> _Task to carry out_
Give back exactly the lines from the one that holds "You cannot help" through the final line of the data; omit the pictures and add nothing.

> _Dataset extract_
== == ==

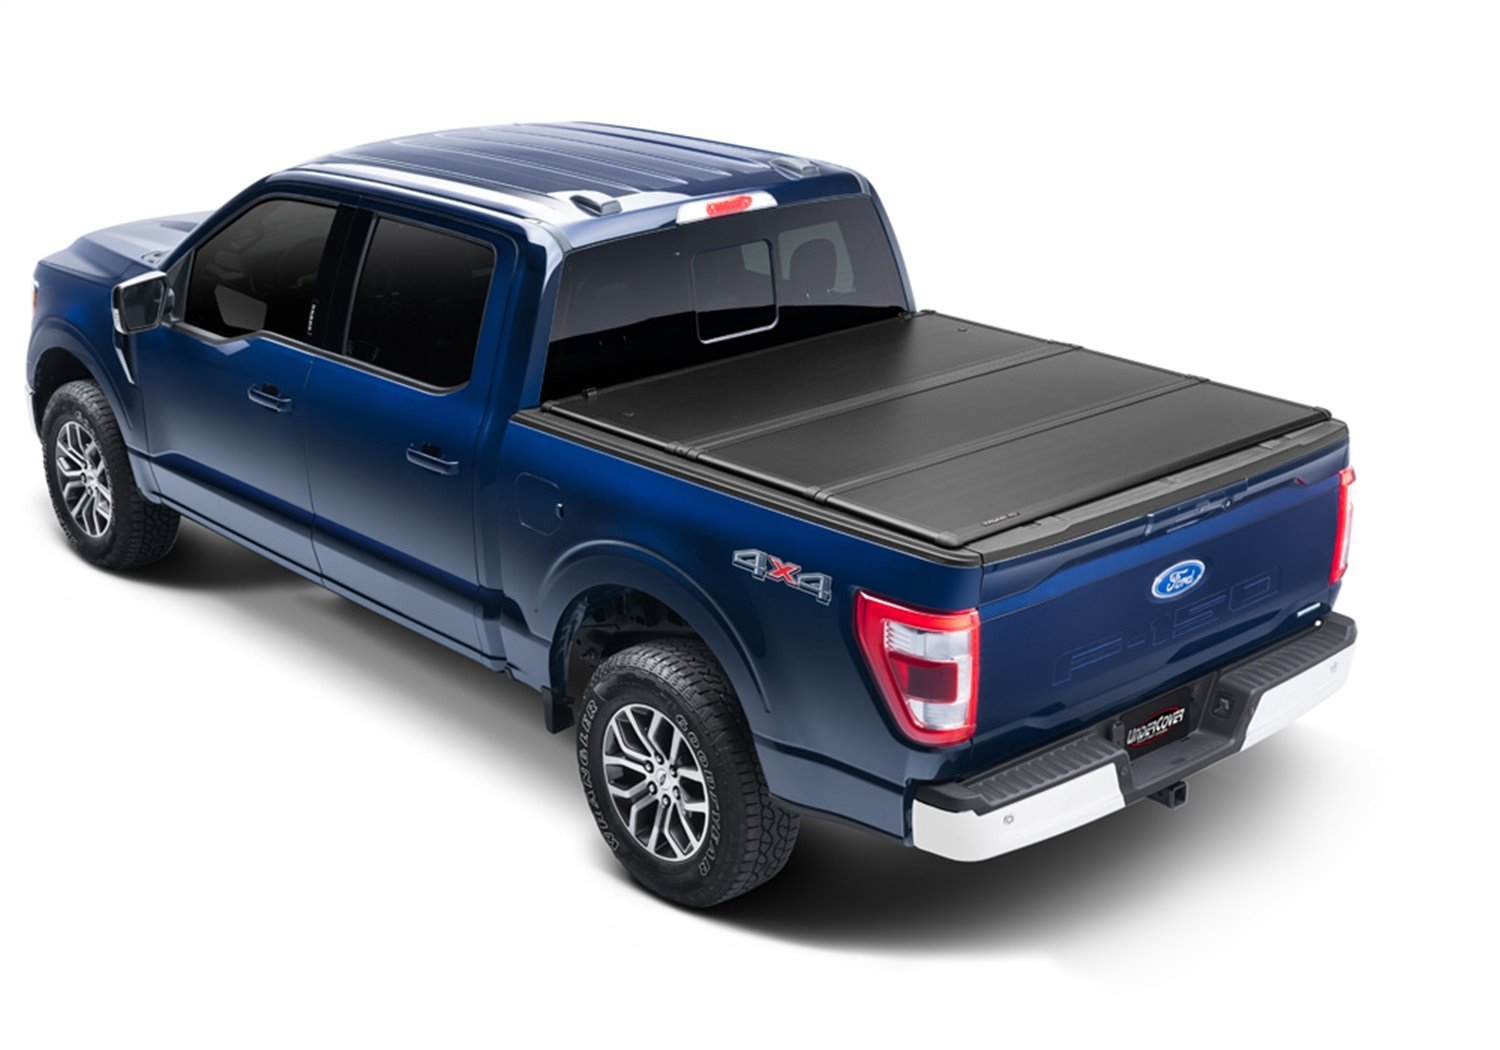 TR26030 Triad Hard Folding Cover, Fits Select Ford F-150 6'7" Bed
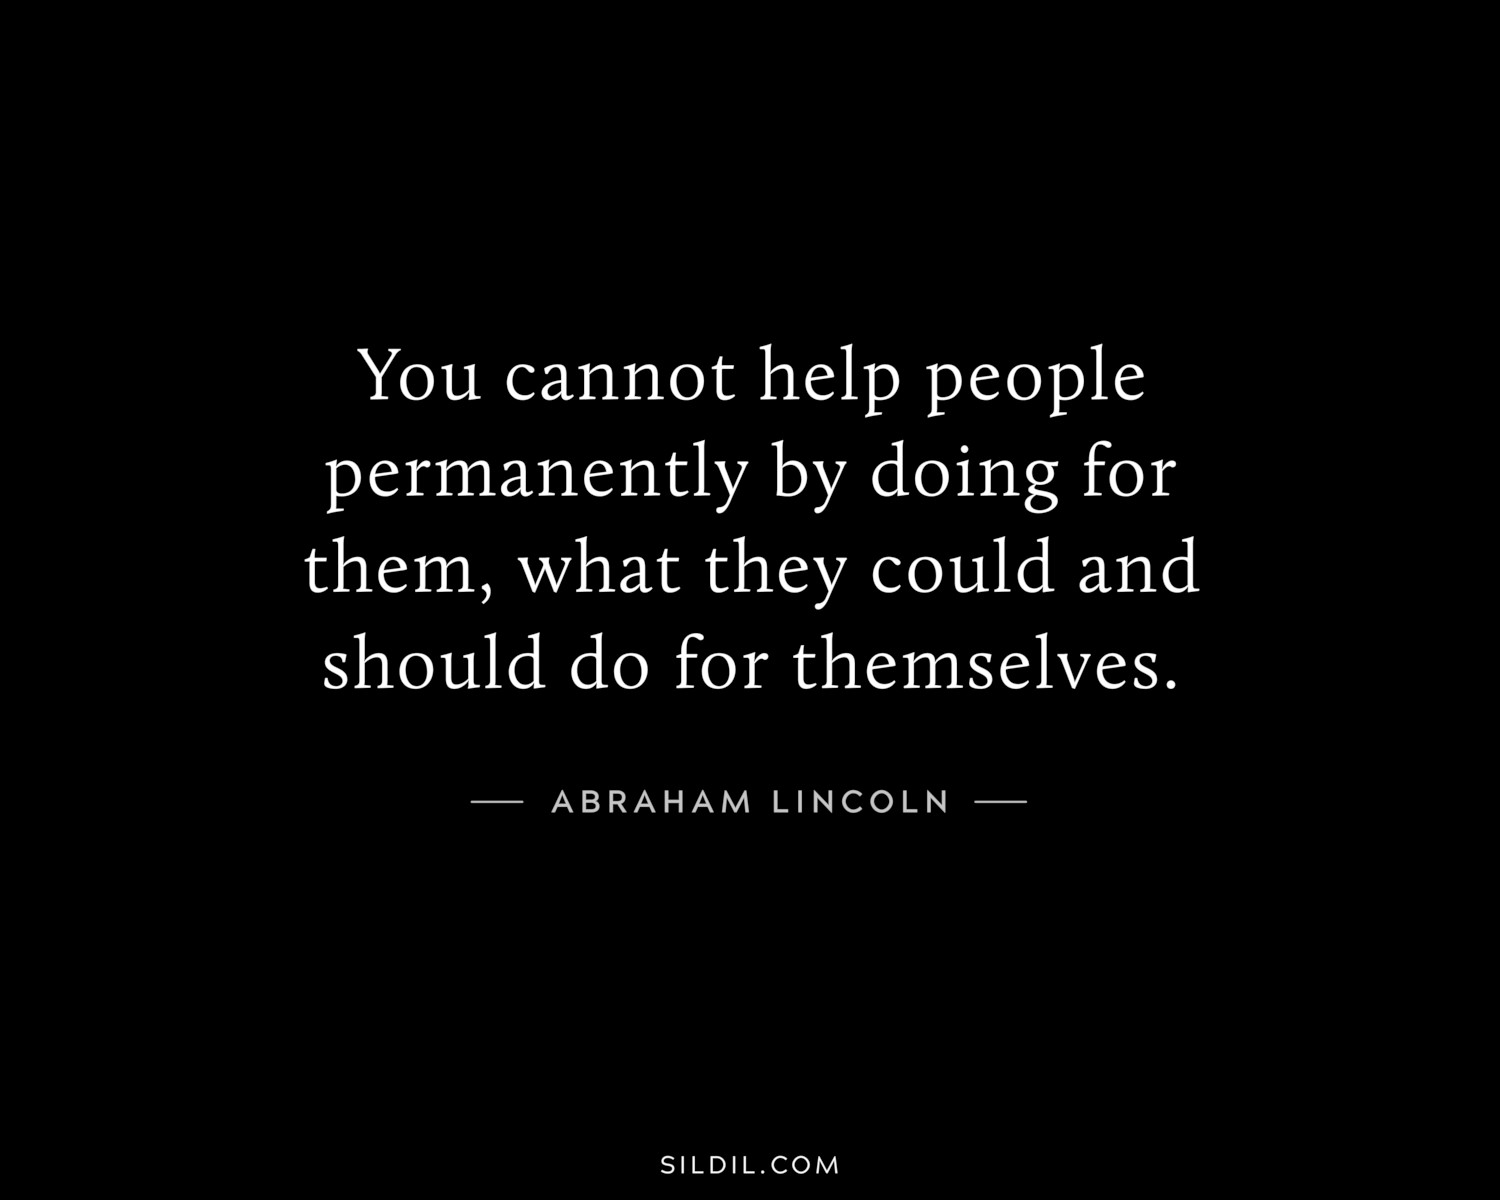 You cannot help people permanently by doing for them, what they could and should do for themselves.
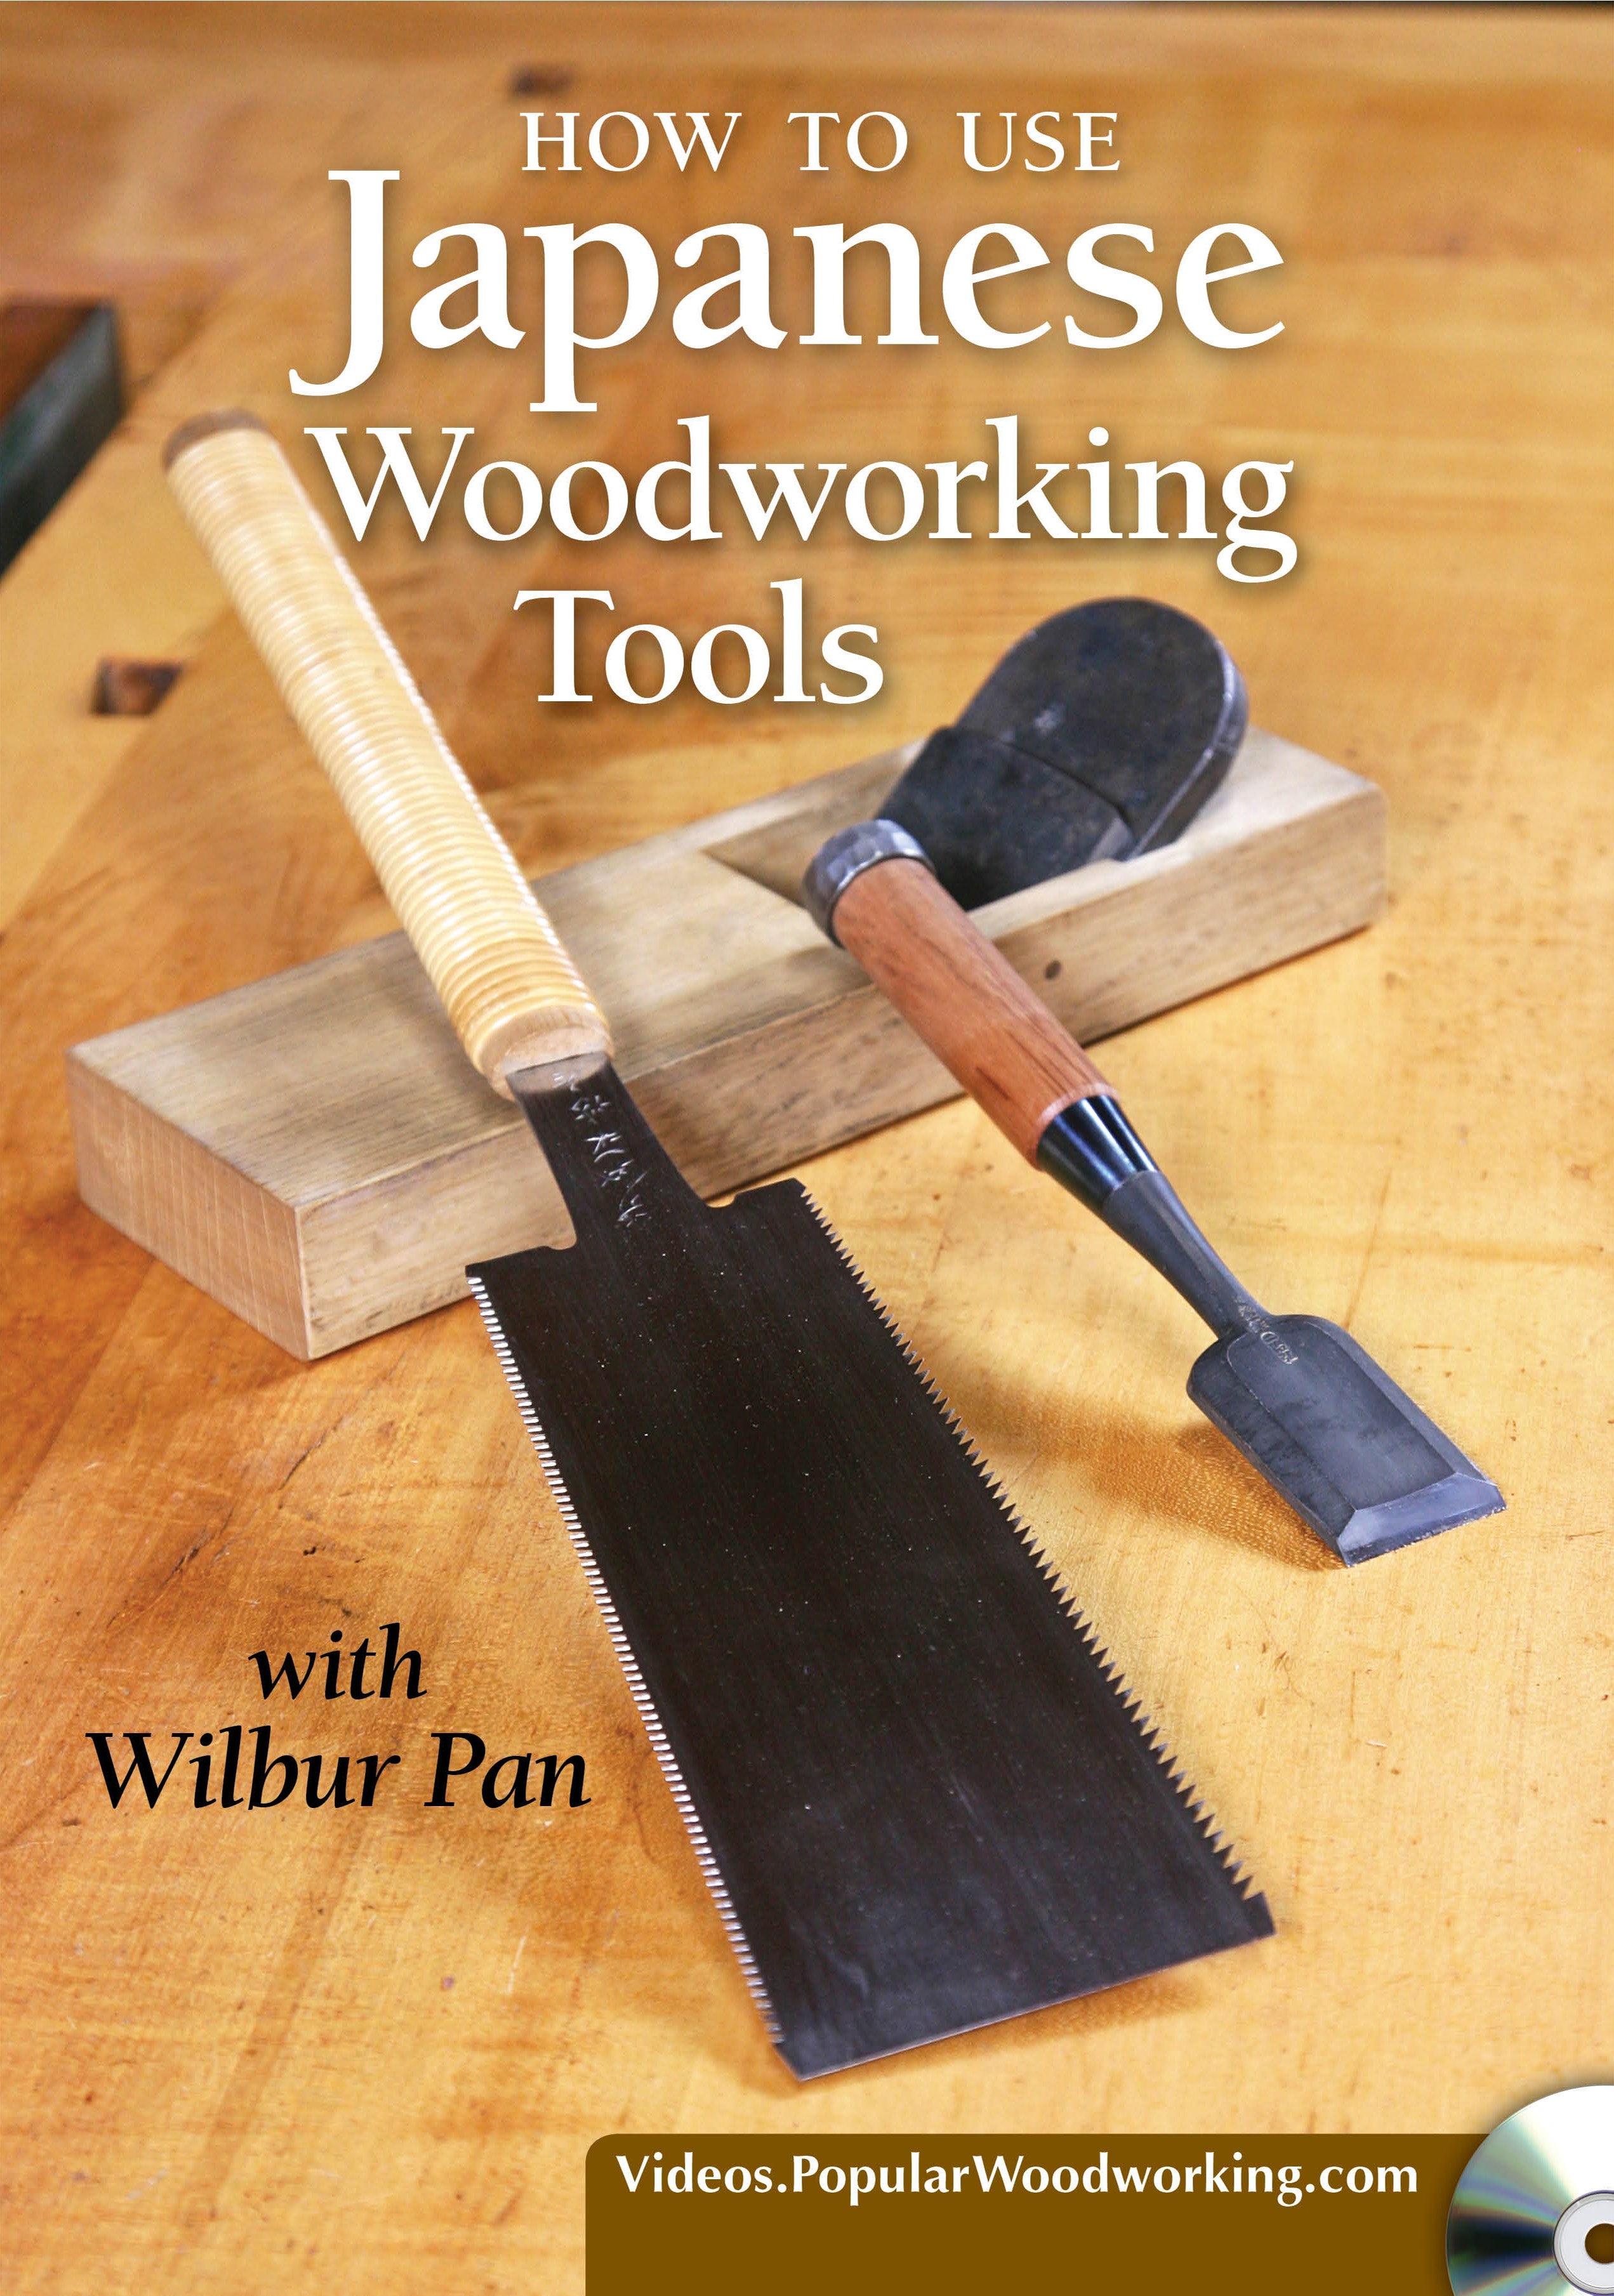 How to Use Japanese Woodworking Tools Video Download – Popular

== == ==

> _Response below_
 You cannot help people permanently by doing for them, what they could and should do for themselves.
 How to Use Japanese Woodworking Tools Video Download – Popular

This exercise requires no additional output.